WASHINGTON — With Interior Secretary Ryan Zinke departing at the end of the year, the agency will likely be run, at least for a time, by its deputy secretary, David Bernhardt, a former oil lobbyist who has played a central role in enacting President Trump’s agenda of rolling back conservation measures and opening up public lands to drilling and mining.
Mr. Bernhardt’s supporters and detractors say that while Mr. Zinke has been the public face of some of the most significant reversals of public land protections in the nation’s history, behind the scenes it has been Mr. Bernhardt pulling the policy levers to enact Mr. Trump’s aggressive energy agenda.
“ Bernhardt has been running the policy show ever since he’s been there as deputy secretary,” said Kathleen Sgamma, the president of the Western Energy Alliance, a Denver-based association of independent oil and gas companies.

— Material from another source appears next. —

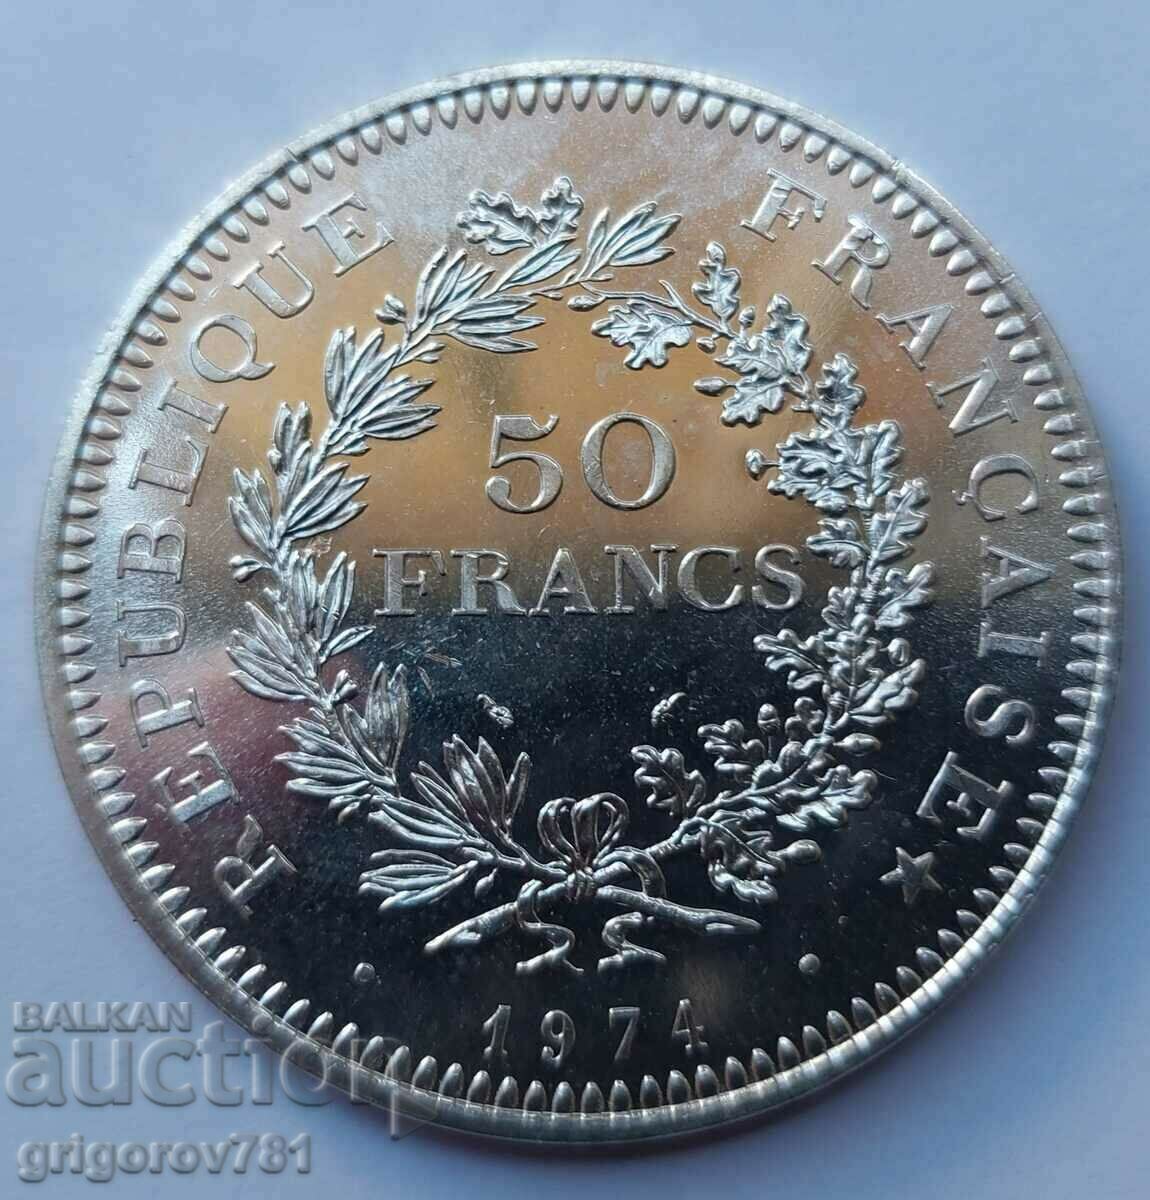 50 Francs Silver France 1974 - Silver Coin #6
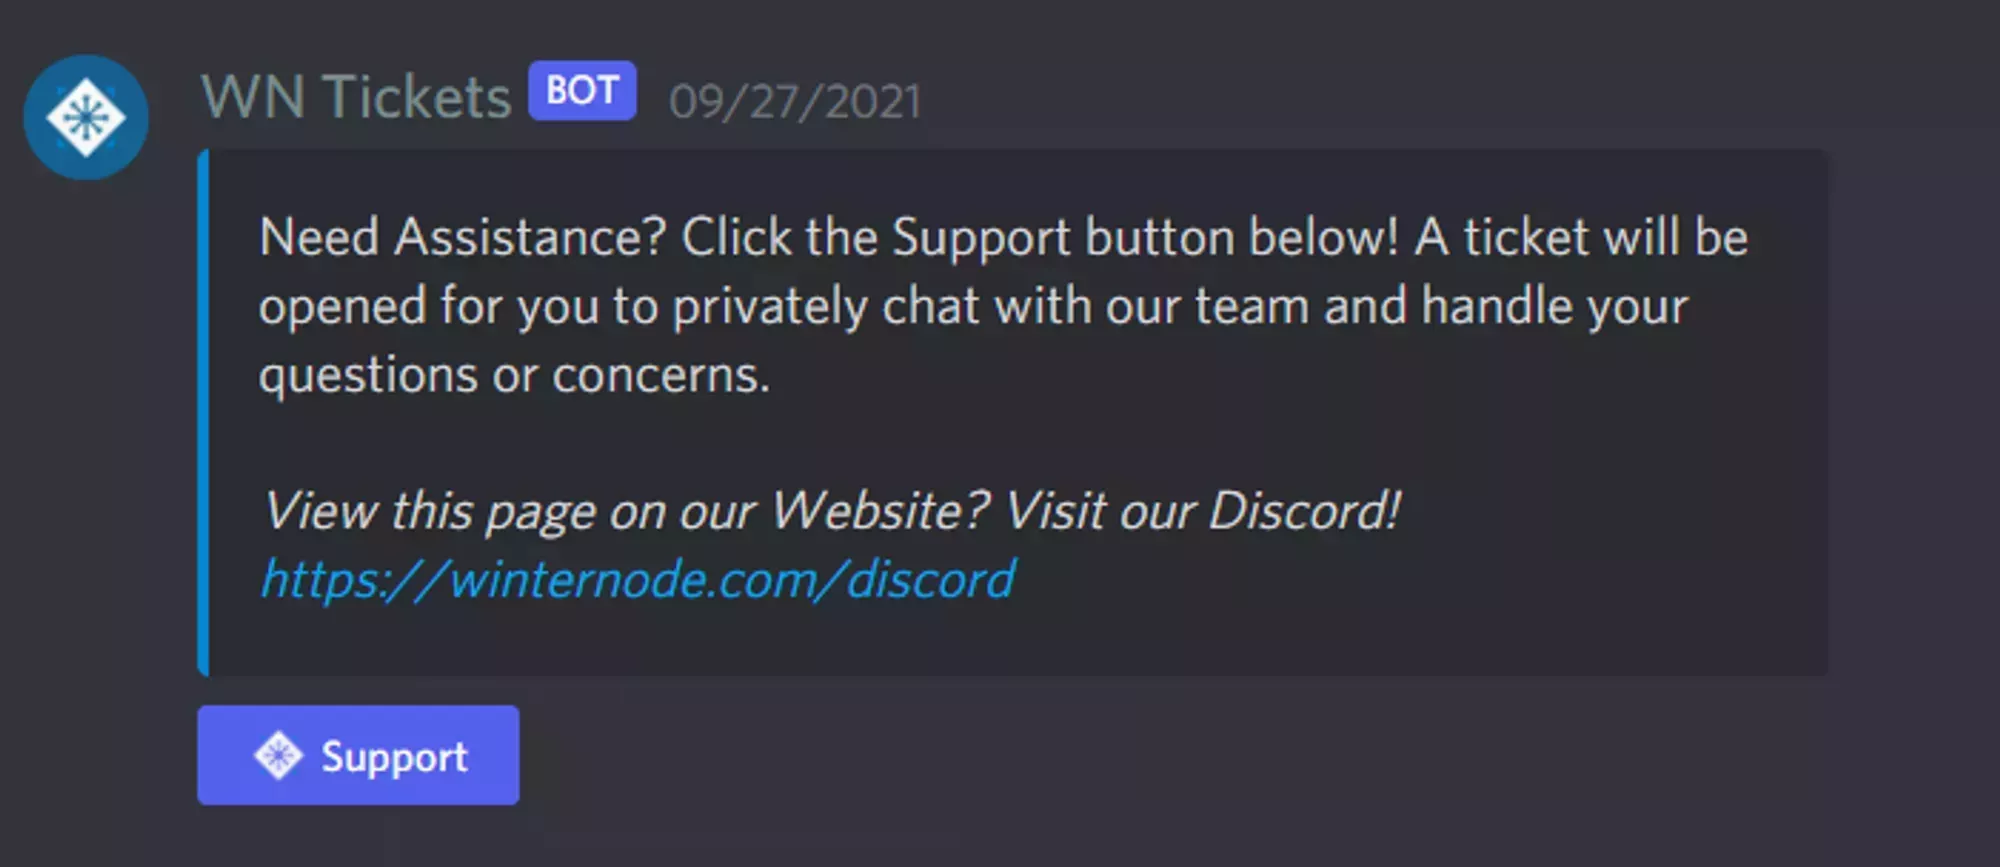 The Open Ticket message in the WinterNode Discord Support channel with a Support button located on the bottom of the message

It was Mr. Bernhardt, for example, who oversaw a controversial revision of a program to protect tens of millions of acres of habitat of the imperiled sage grouse, a puffy-chested, chicken-like bird that roams over 10 oil-rich Western states. Mr. Bernhardt’s proposal to change that plan, released just this month, would strip away protections from about nine million acres of the sage grouse habitat, a move that in a stroke opened up more land to oil and gas drilling than any other single policy action by the Trump administration.
Mr. Bernhardt’s critics contend that much of the experience that gave Mr. Bernhardt his deep policy knowledge — namely, his years representing oil companies — creates a potential conflict of interest given that he oversees policies that could benefit companies he once represented. At the same time, they note that Mr. Bernhardt’s long experience in Washington and with the law means he is unlikely to make ethical missteps.
A spokeswoman for the Interior Department, Heather Swift, did not respond to emails requesting comment from Mr. Bernhardt. An email sent to the Interior Department’s communications office was also not returned.
Mr. Zinke, once a favorite of Mr. Trump’s, drew the president’s ire after allegations of possible conflicts of interest and violations of agency policy triggered numerous investigations. At least one of those investigations has been referred to the Justice Department, a sign that the federal government may open up a criminal investigation into the former secretary.
Mr. Zinke has repeatedly denied wrongdoing. “I followed every procedure, every policy, every rule, and most importantly I followed the law,” he said in an interview in April.